Hi all, I have a question regarding to Chapter 12, Question 12.17. The question is like this: "To provide her with her retirement, a woman has decided to pay 5% of her annual salary, currently 30,000 p.a., into a special saving account at the start of each of the next 15 years. If the fund is expected to have 8% interest each year, her salary expected to increase 6% each year, calculate the approximate amount of the fund at the end of 15 years." The solution treats 6% as "inflation", 8% as "money rate of interest", and works out the "real interest rate", which is approximately 2%. I don't understand is that why we need to use this 2% to find present value first, then accumulate to 15 years later using 8% interest rate. In another word, why we use different interest rate to do present value and future value?

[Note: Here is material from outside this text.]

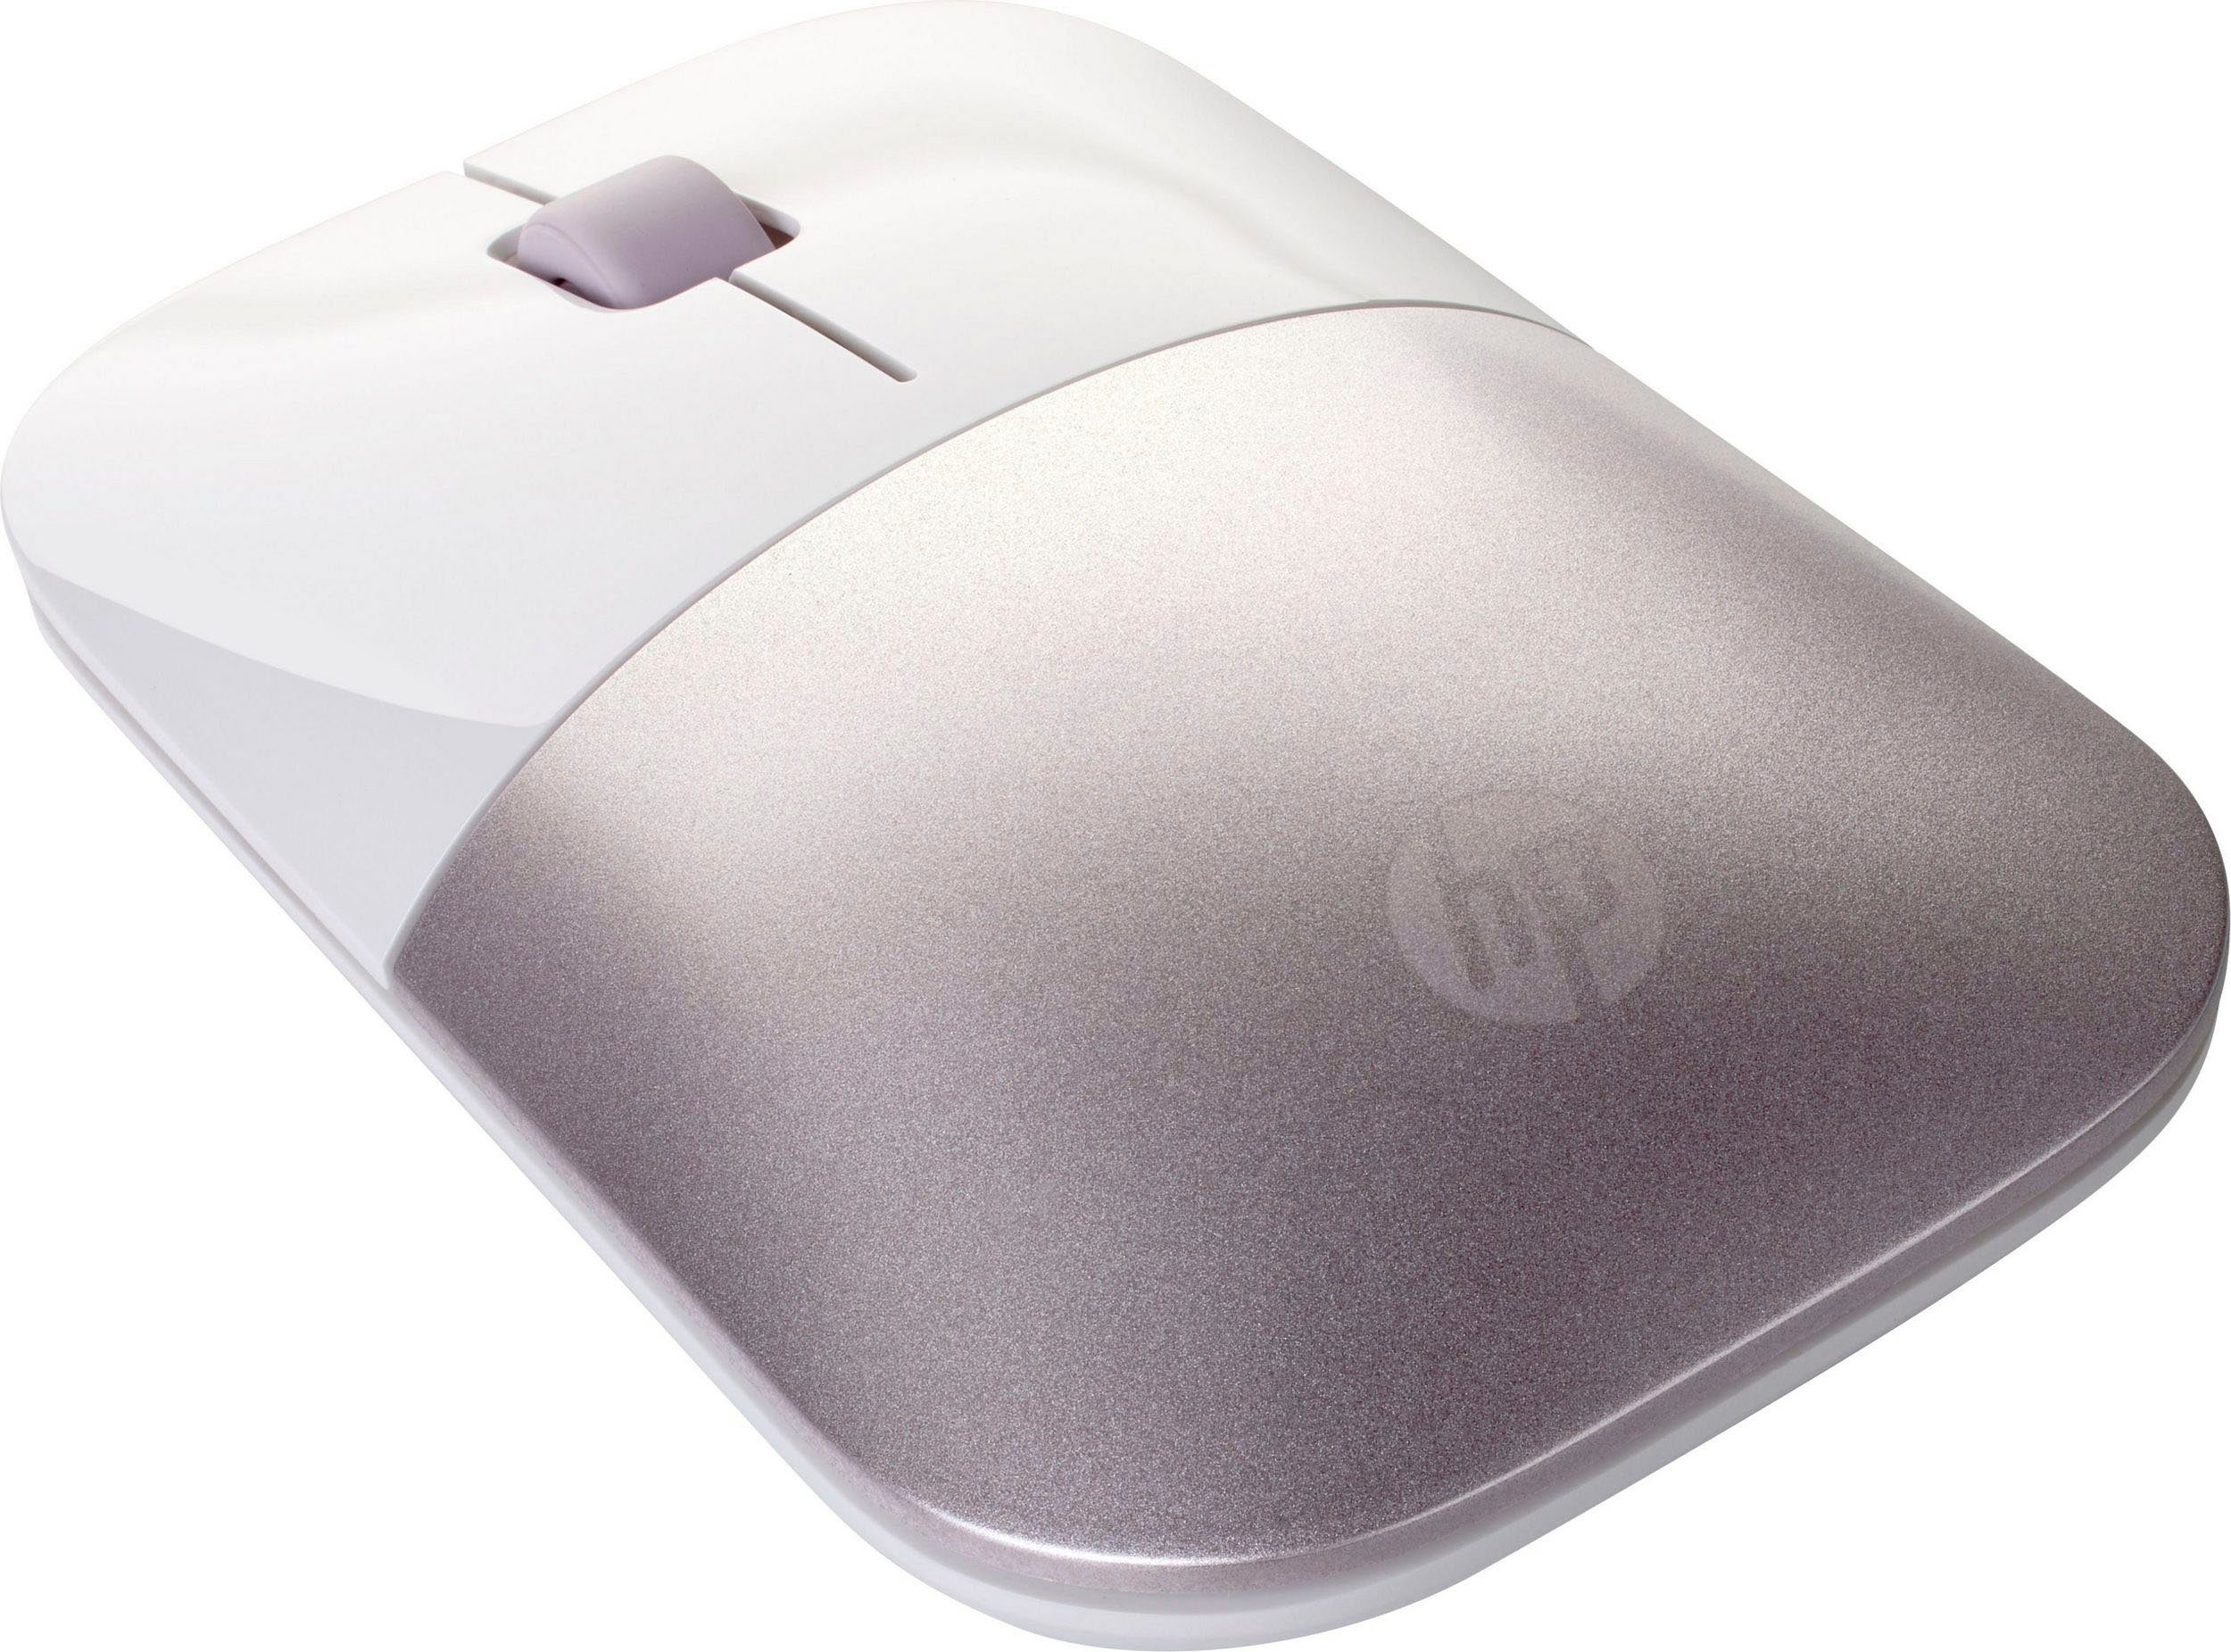 HP Z3700 weiß/rosa Maus

You can solve it by usual method i.e. PV by making a GP series and then AV by accumulating @8% pa. It will give the exact answer. But the qus. asks for approximate answer , so they have used approximate rate (see the pic below).
Thanks Baharti! I've got the same result as you, but I'm still a bit confused. Why we use 2% (or 1.88% exact) to find PV first, then use 8% to accumulate value in 15 years time? My first approach is to use 2% to find future value directly, and obviously it is not the right way to do it. I'm confused about why...
Because we have already considered the effect of growth of 6% in PV. So, we can just find AV using 8%. What I think if you accumulate it using 2% after finding the PV @2%, it would mean that you are cancelling the effect of growth we have used in PV i.e. you are doing (1.08/1.06)^15. It's not correct. And if you want to find AV directly then we don't have that approximate method to use in this case. (See the eq. in pic below) Since , now it is not in the form of 1.08ⁿ/1.06ⁿ.
Thank you, this really helps! To me the method of "2% find PV then 8% find AV" is more like a simplified version of this first principle equation you wrote. After finding the sum of this geometric sequence, the whole equation reduced down to "a due(15)@1.88% multiply by 1.08^15", and this makes sense to me. Cheers!